Pre-processing of spectral data. (A) Spectral gradient from the LVSBPF. (Left) Gamma-corrected image at frame 40 of brown macroalgae with two red dots showing the pixel positions at the top and bottom of the grey-colored plate. (Right) The graph shows the spectrum for each channel (RGB) for the grey-colored plate. The solid line indicates the top part of the panel, and the dashed line indicates the bottom of the panel, showing the gradient shift between the top and bottom. The red arrows indicate the blue and red positions for the onset and are taken at the start of the blue spectrum and the end of the red spectrum. The spectra are normalized. (B) Shifted spectra. The graph shows the shifted spectrum for each channel (RGB) of the grey-colored plate after cross-correlation. The solid and dashed lines are described above. The spectra are normalized. (C) The red plot shows the normalized summed spectrum of trimmed RGB channels with linear interpolation of wavelengths. The Y-axis shows intensity measured in artificial units (a.u.) shown in red.

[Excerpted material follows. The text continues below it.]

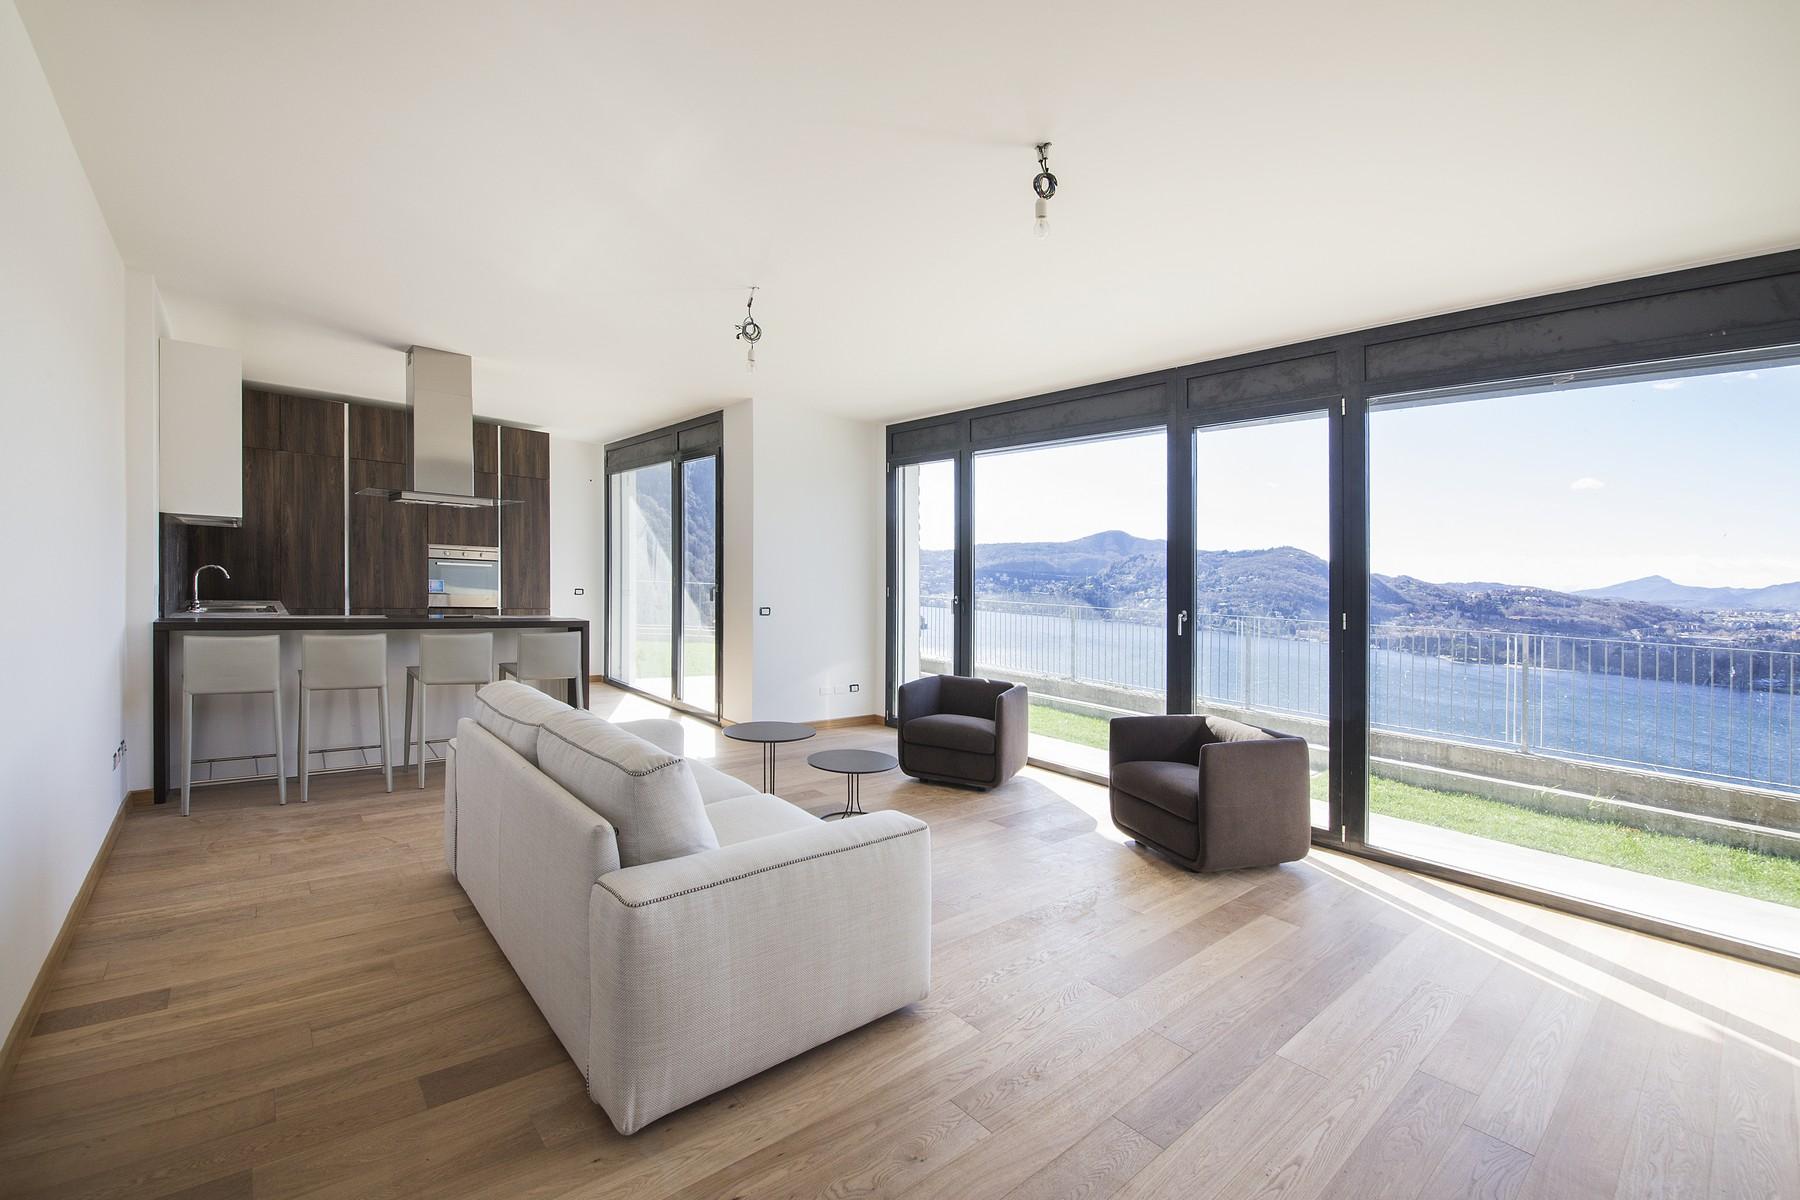 شقة للـ Sale في Modern apartment with private garden and amazing lake views Blevio, Como, Italy

The blue plot shows the same spectrum after pixel calibration, data binning (factor of 5), and the Savitzky–Golay filter (order = 2, window = 9) is applied. The Y-axis shows intensity measured in arbitrary units (a.u.) shown in blue.

Figure 8

Architecture of the 1D-CNN trained for macroalgal classification. Our CNN takes in spectral information from 45 bands from each pixel in the hypercube (violet, 400 nm and red, 700 nm) in the training set in the form of a one-dimensional array (1 × 45). The model consists of two convolutional layers, two pooling layers, one flatten layer, and two dense layers. The name of each layer is shown at the top, kernel numbers are shown underneath the convolutional and pooling layers, and kernel size is shown as k. Output size is shown on the side of each layer and at the bottom for the flatten and dense layer and output.

Figure 9

Mean reflectance spectra for each macroalgae class in the spectral library used as a training dataset for tuning the 1D-CNN model.

Figure 10

Classification results of each class generated by the 1D-CNN model. Predicted segmentation for (A) Ceramium sp., (B) Vertebrata byssoides, (C) Fucus serratus, and (D) Fucus versiculosus. The legend indicates the class and the corresponding coverage percentage predicted by the 1D-CNN model. For clarity, the background that represents the remaining coverage percentage is excluded.